There was so much drama, in fact, it's possible to forget entire chapters of this game in the retelling. Probably forgotten will be that both coaches were so hellbent on winning they each went for it on fourth down inside their own 30-yard lines.

Weis wanted to control the ball, and did, mostly by running. Notre Dame held the ball nearly 39 minutes to USC's 21. The USC defenders probably didn't have it in them to play overtime. And Notre Dame certainly wanted the chance. Who wouldn't when you have a big-time quarterback such as Quinn? All the kid did was convert a huge number of critical third downs and demonstrate he could move the team by any means necessary. He completed all four of his passes in that 87-yard touchdown drive that put the Irish ahead 31-28 with 2:04 to play.

It's not often these Games of the Century justify the hype. USC vs. Notre Dame went even further. It exceeded the hype, which was considerable. It had more the feel of a big-time prizefight in the 1970s or '80s than a football game. Celebrities, which usually reserve their private jet time for NBA playoffs, the Final Four and championship fights, somehow found their way to northern Indiana, even from as far away as Hollywood. So many private jets descended on South Bend it looked like McCarron Airport in Las Vegas three hours before kickoff. There was a 1 1/2 -hour holding pattern over Chicago's O'Hare Airport, despite the wealth and fame of those holding tickets for the game.

Coach Andy Reid, whose Philadelphia Eagles have the week off, stood on the sideline. Patriots owner Robert Kraft and Falcons owner Arthur Blank watched from the press box. Every NFL team seemed to have at least one representative in the house, and they were B-list celebs when considering Supreme Court Justice Clarence Thomas attended.

You wouldn't think the ambassador to the Vatican, Francis Rooney, or the ambassador to Luxembourg, Peter Terpeluk, would necessarily be interested in a college football game . . . then again, it really was more like a cause than a game.

They found that Bush is worth the price of admission all by himself. This kid is the best football player in the country. Weis called him Marshall Faulk.

It's appropriate. Bush already is on that short list of all-time great college football running backs.

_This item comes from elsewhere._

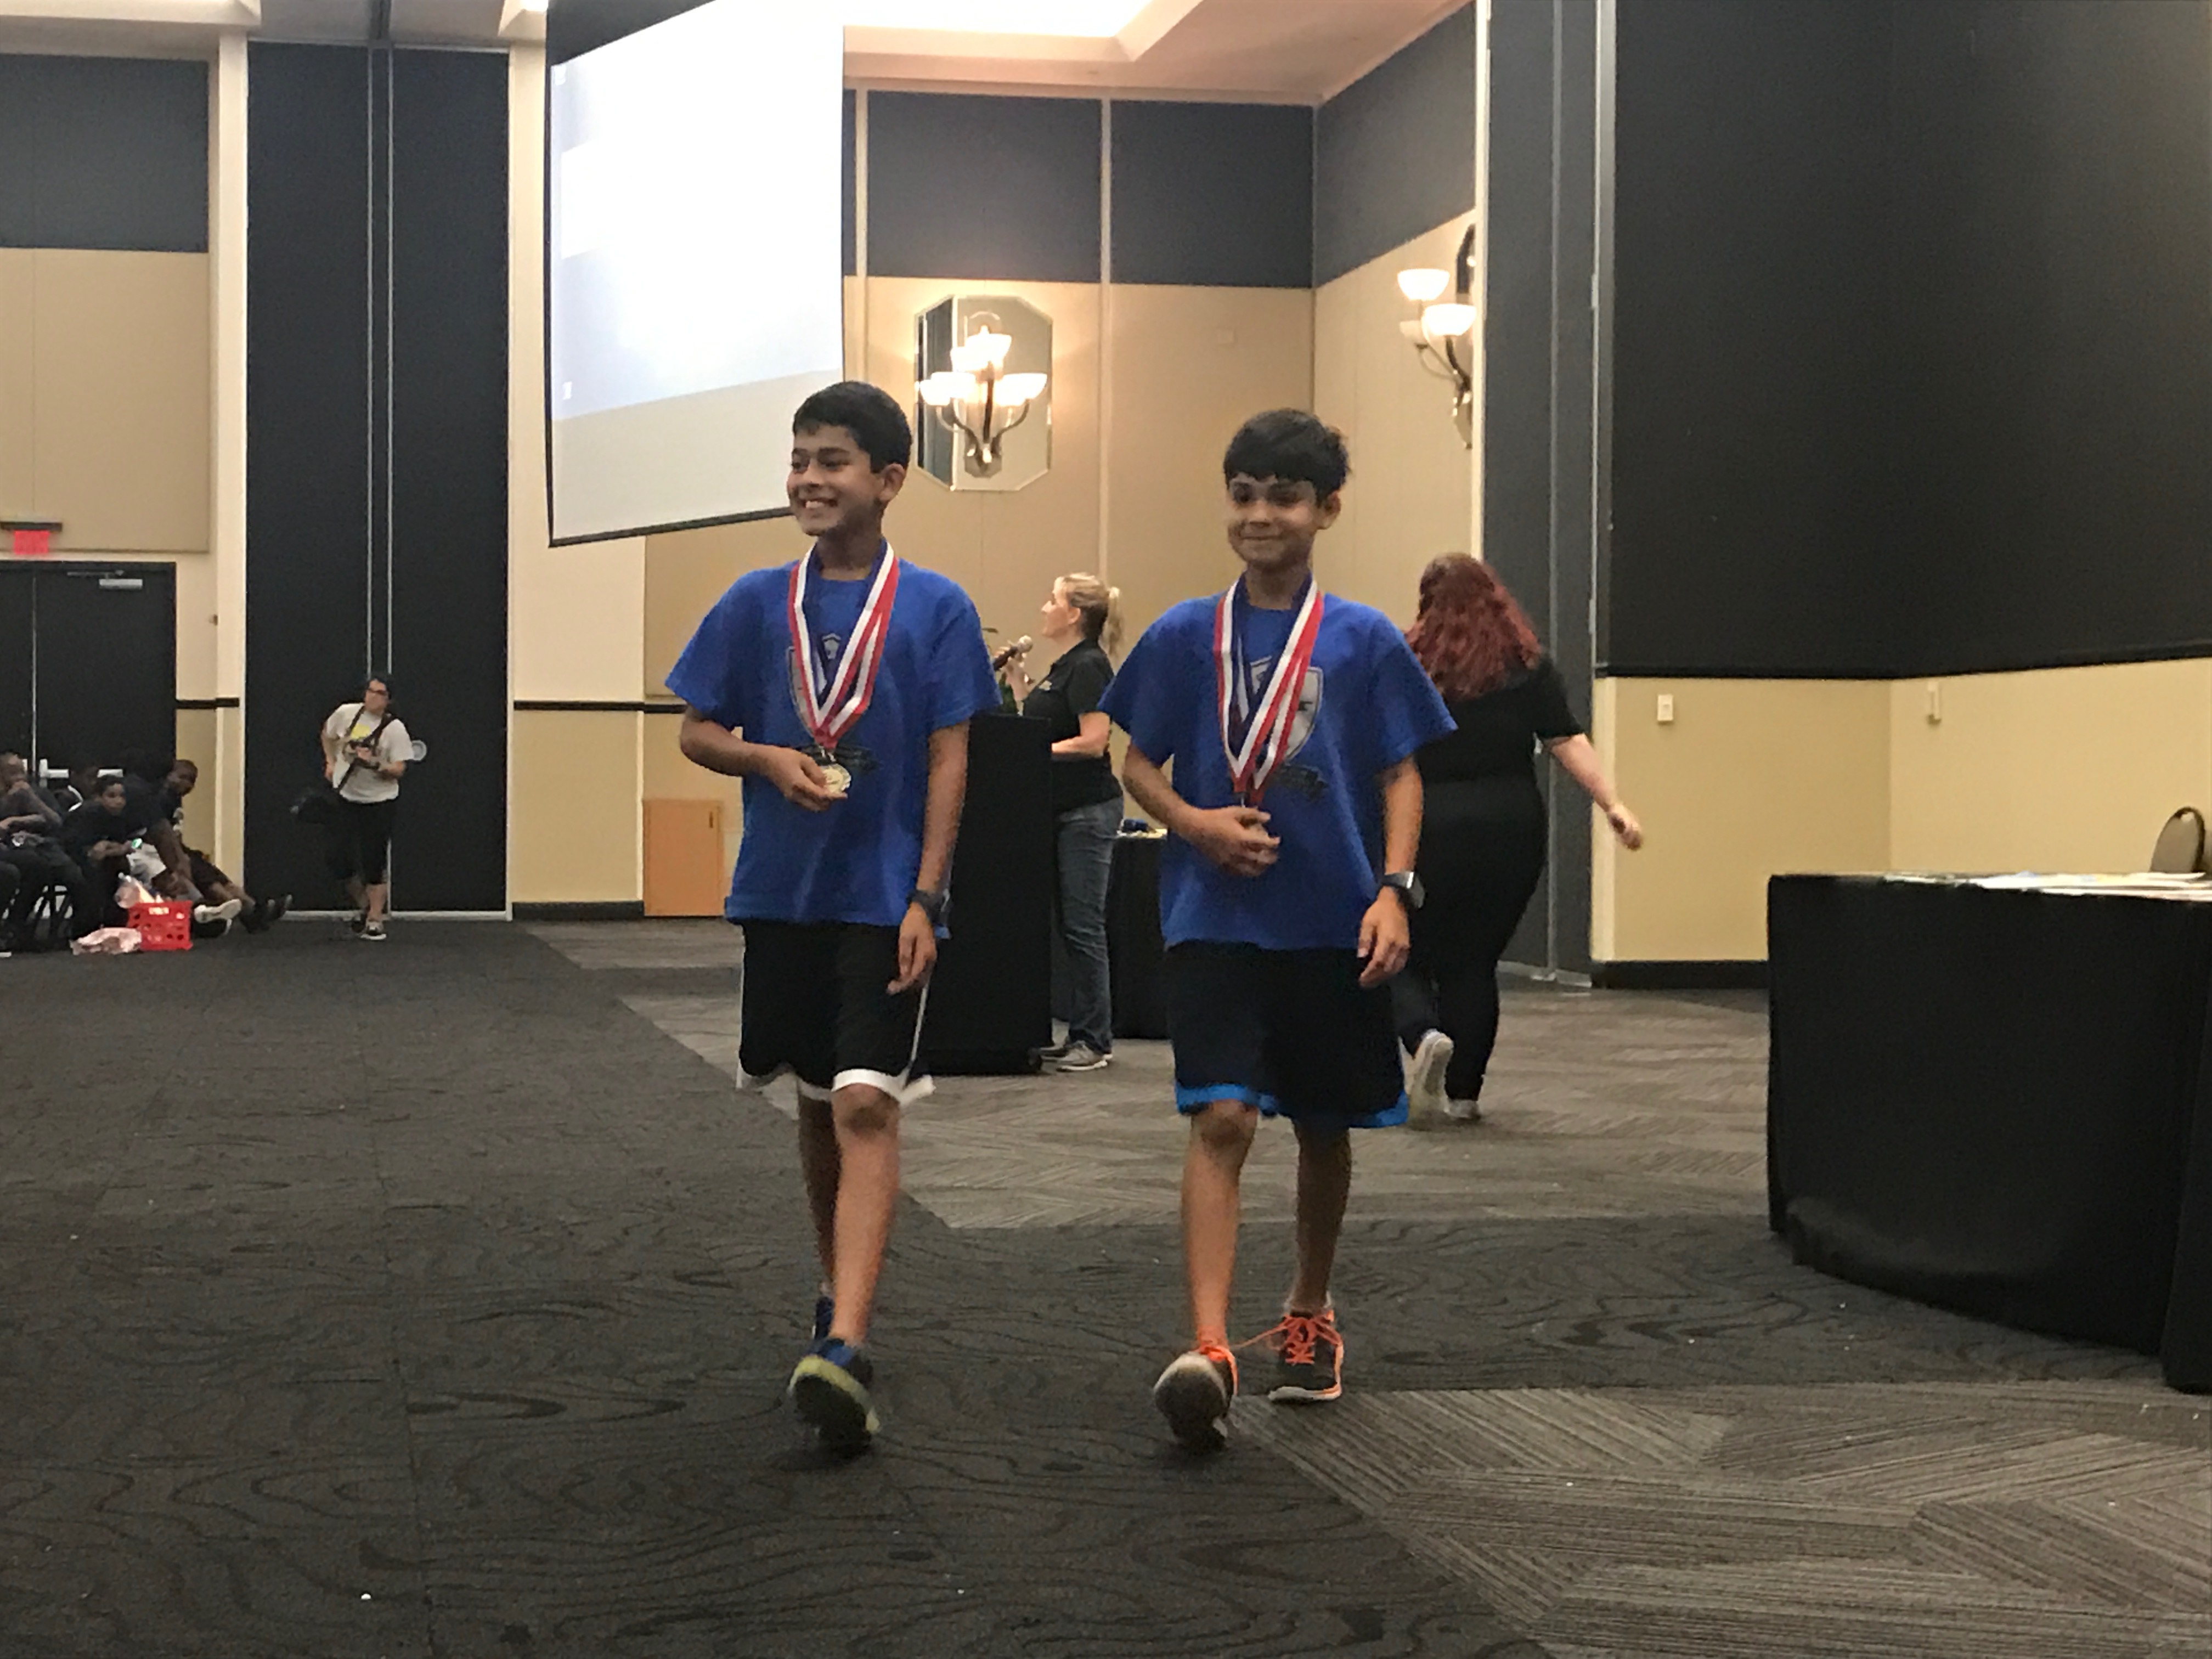 Two boys in matching blue shirts and blue pants holding medals around their necks walking towards the camera

He can spin out of a tackle like Barry Sanders, explode through a hole like Gale Sayers, catch the ball in open space and make a tackler miss like Marcus Allen and run away from the pack like Herschel Walker or O.J. Simpson. Every single time Bush touches the ball, running or receiving, he's a threat to score a touchdown. Against Notre Dame, he needed only 15 carries to rush for 160 yards and three touchdowns. He scores without being challenged, running by defenders, or hurdling them.

The only thing wrong with Bush is that Carroll doesn't give him the ball enough. The Trojans wouldn't have faced fourth down or been in such dire straits on that final play had Bush gotten the ball more in that final drive.

Carroll seemed off his game at times Saturday, which might have been exaggerated because Weis was so aggressive, so bold, and his gambles all seemed to work to perfection. But even if Carroll were off or even if he didn't give Bush enough carries or played into Notre Dame's hands on a few occasions, Carroll was right when it counted, when it came to winning the game and keeping hope alive for a third straight national championship.

"We took all day long to get this win . . . took every second," he said. "I just love this team. They will not let it die. They will not call it over."